Interface suggestions for new wigner-related calculations

zatkins2 commented 5 months ago

Hi Martin,

I'm excited (via @xzackli) to use your in-development coupling_matrix_spin0and2 methods! The ability to calculate coupling matrices for multiple spectra for roughly constant cost (independent of the number of spectra) will really enable some computations that are now prohibitive (since we currently calculate the same wigner symbols over and over for each spectrum separately).

To make it even more useful, could I suggest an additional interface? As it is now, all possible "flavors" of coupling matrix (00, 02, 20, ++, --, in that order) are calculated in coupling_matrix_spin0and2. Sometimes, not all of these "flavors" are necessary, e.g., we may want to skip calculating the last "--" flavor because it is negligible at our scales of interest. It would be nice to be able to tell the function which flavors we would like to compute (assuming the required spin-weighted spectra are passed), to save unnecessary computation. If it is no extra cost to compute all flavors though, then feel free to ignore me!

A separate request (that is lower priority for me personally :)) would be to be able to pass l1min, l1max to wigner3j_int, or even possibly an explicit list of l1 values, rather than having the function calculate all possible values. But again, if this is not feasibly or doesn't save any time, also feel free to ignore me!

Many thanks, very much looking forward to using this functionality!

Zach

mreineck commented 5 months ago

Hi Zach,

great to hear that this might be useful!

Concerning the selection of coupling matrix flavors: as far as I can see at the moment (I've been working on other stuff recently, so this is all a little rusty :), there is not much performance to be gained by leaving out individual parts, with a few exceptions:

you only need 00 (but for that we already have a separate routine)
you only need ++ and -- (I don't have a special case for that, but the gain wouldn't be very big anyway)

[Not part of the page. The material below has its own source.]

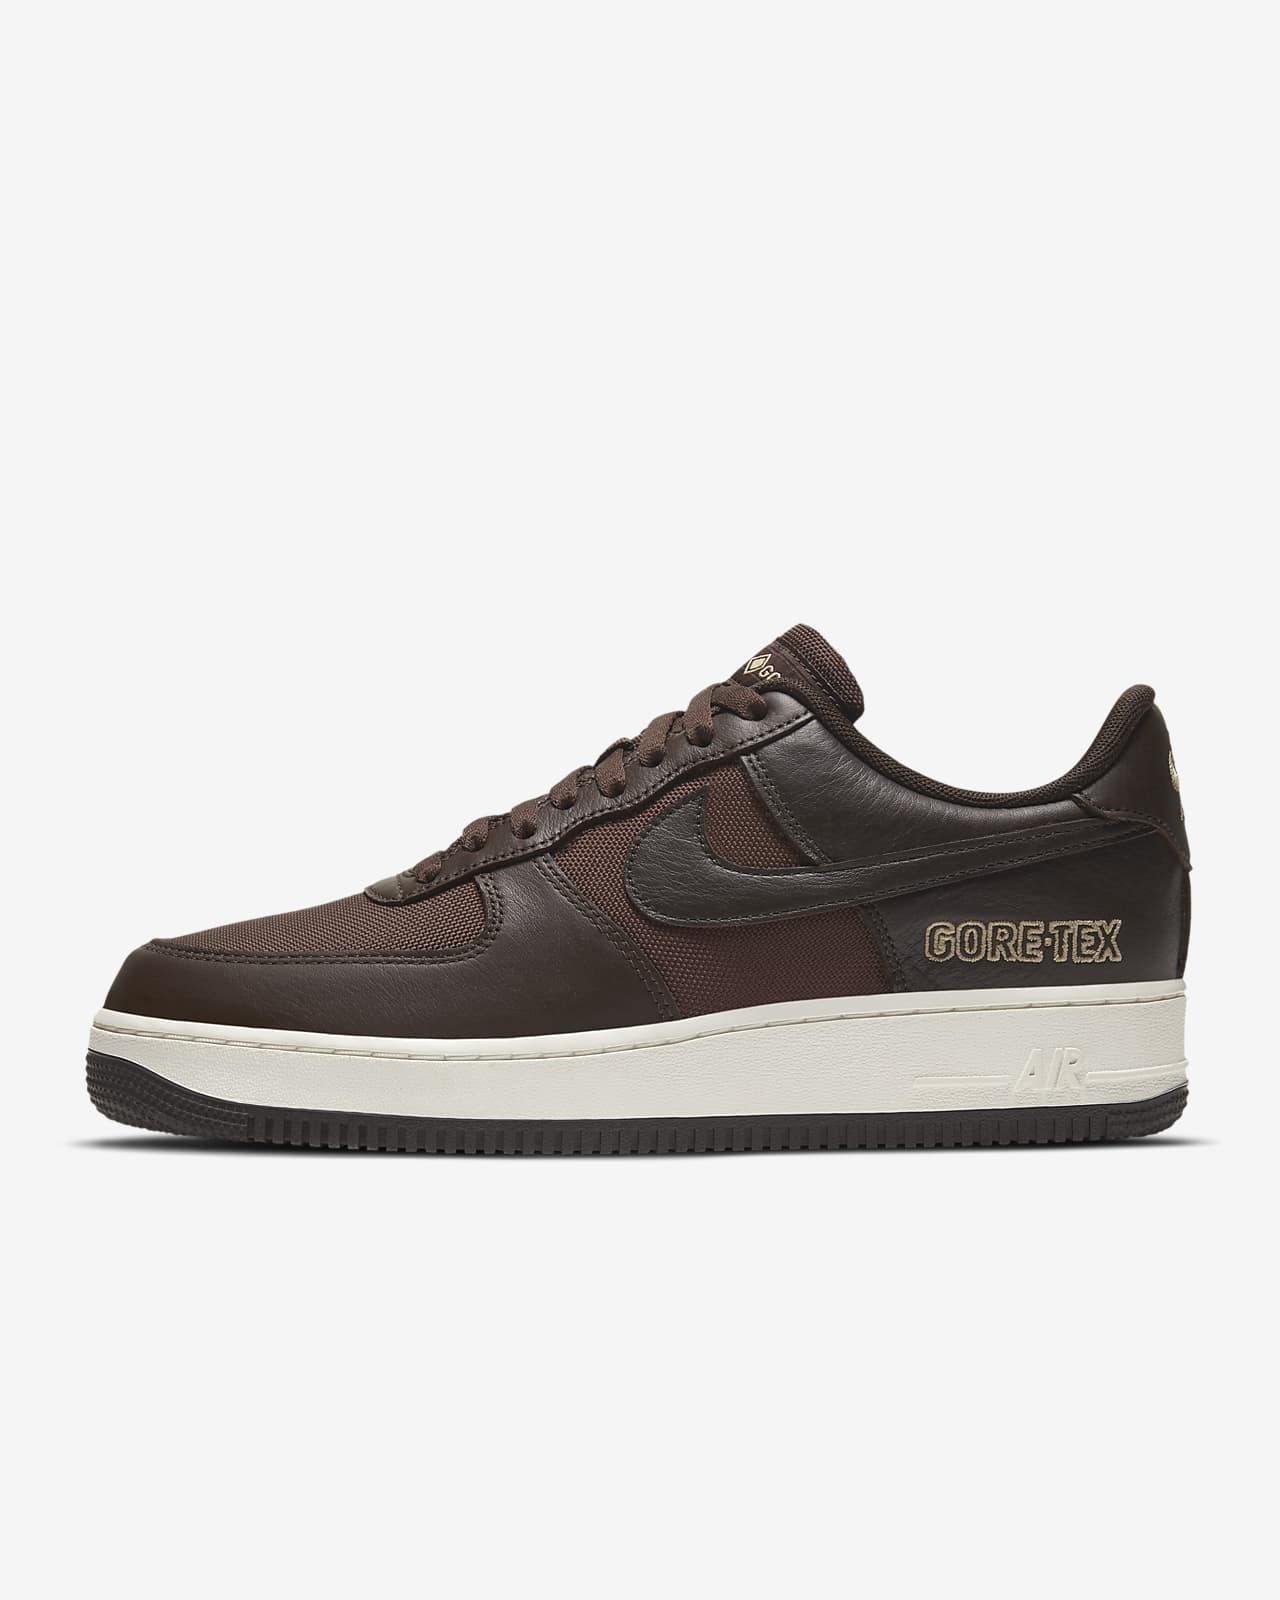 Chaussure Nike Air Force 1 GTX pour Homme

That's for coupling_matrix_spin0and2. For the _pure variant things are more complex, but there also is only a very small subset of components where computing time can be saved.

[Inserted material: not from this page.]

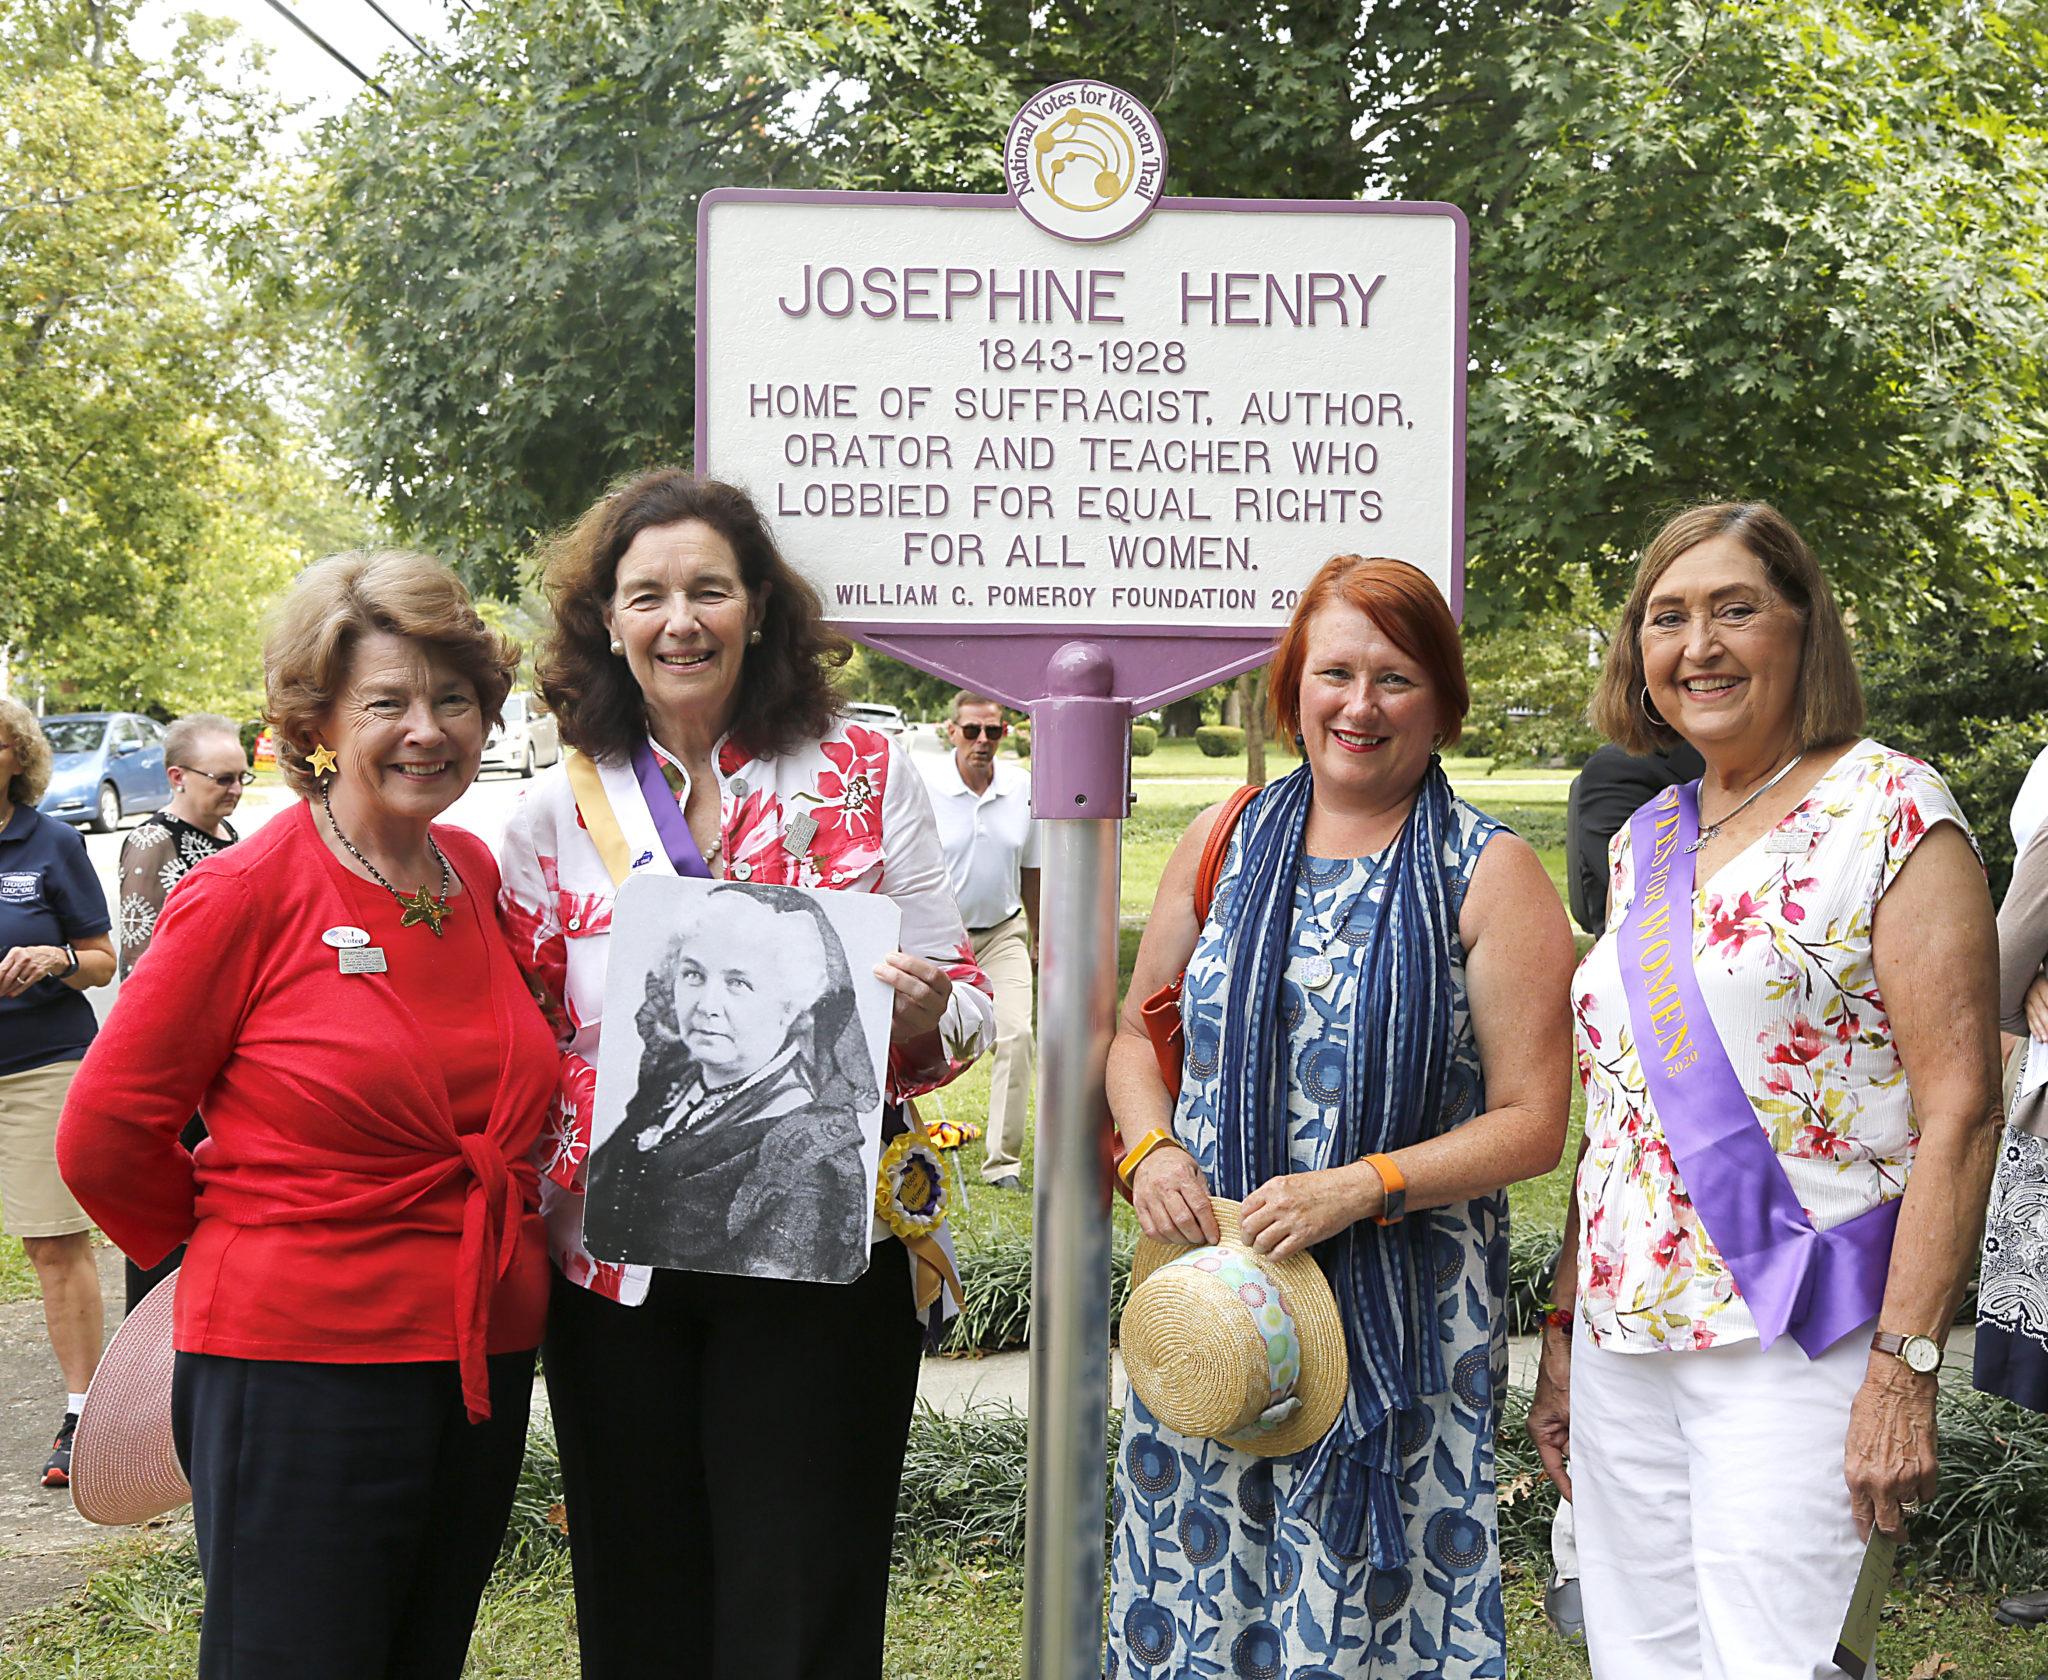 Josephine Henry's Pomeroy Marker Dedication

There is however another aspect to this: if there is concern that the matrices become very big and you want to save memory (as opposed to time) by omitting some flavors, that can certainly be done, but I need some time for the adjustment. (However if that is a concern, we could always save a nice factor of 2 by just returning just an upper triangular matrix and having the caller apply the (2*l+1) factors...)

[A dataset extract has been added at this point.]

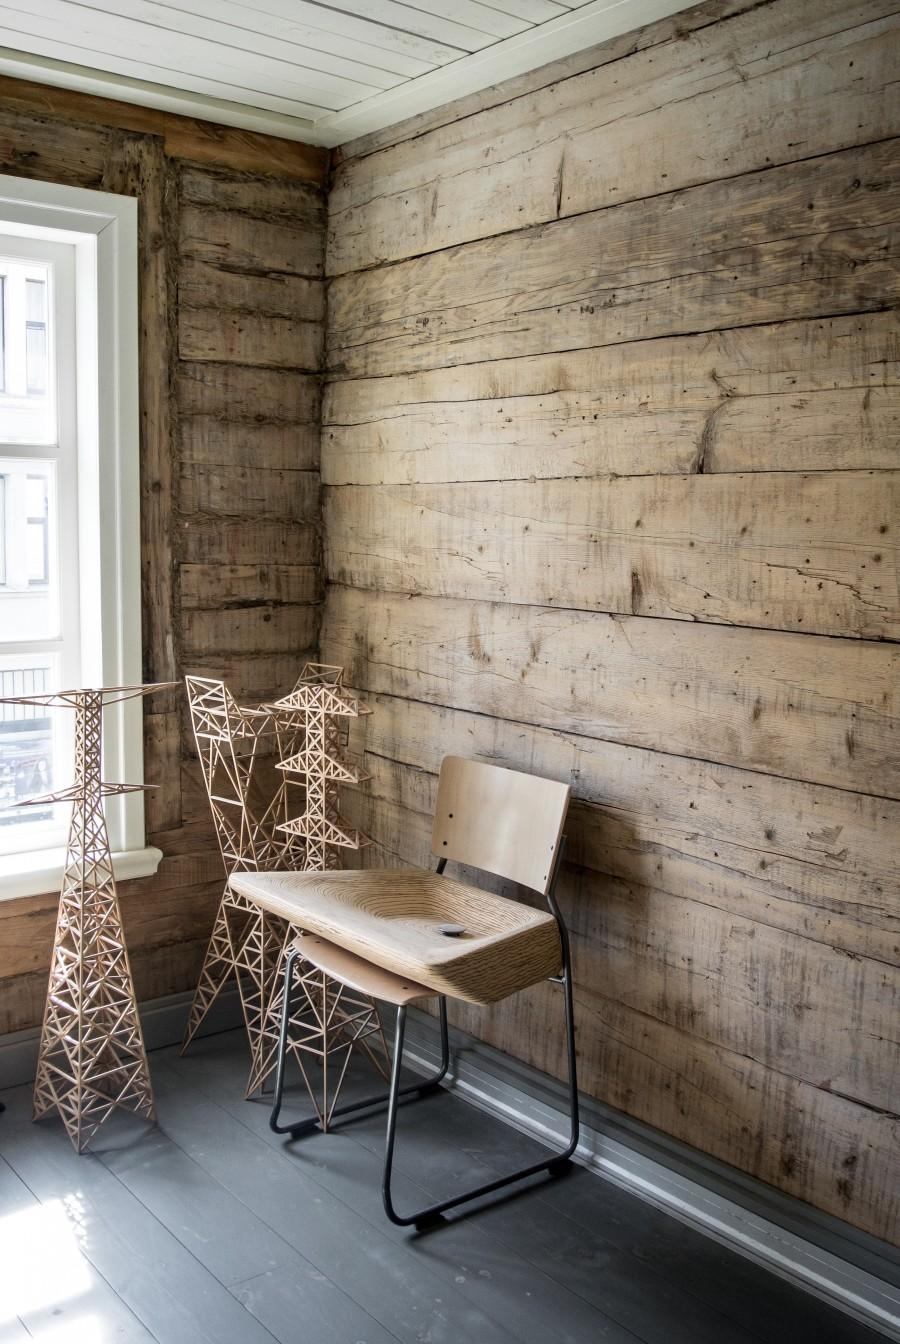 IKEA-ARTSCHOOL-109-e1499173748130.jpg

Specifying an l1 subset to wigner3j_int unfortunately does not save any time, since all possible coefficients must be computed anyway to get the proper normalization.

zatkins2 commented 5 months ago

Good point, yes, memory could be an issue. If it is the case that the runtime is ~constant for large numbers of spectra, then I think being able to specify the exact flavor you want would be useful, even if it means ~2 or 3x the total computation.

But I don't want to hold up getting what you have available in ducc; the current interface on your implementation would still be a massive improvement, so I am definitely eager to make use of it as soon as possible :)

(Another motivating example is that in practice it is often the case that the 02 spectra are equal to the 20 spectra)

mreineck commented 5 months ago

If you can already make use of the interface as it currently is, then I think it might be best to use it in this form for now. That will give us valuable information and allow us to come up with an even better interface in the next iteration.

Please let me know it I can help with integration in any way!

zatkins2 commented 5 months ago

ah I'm not sure I can, at least, if I install 0.33, I don't see the functions available. would I need to download the current state of the repo and install from that, rather than from pypi?

mreineck commented 5 months ago

Sorry, my bad: since these functions still have experimental interfaces, they are accessible as ducc0.misc.experimental.coupling_matrix_spin0and2 etc.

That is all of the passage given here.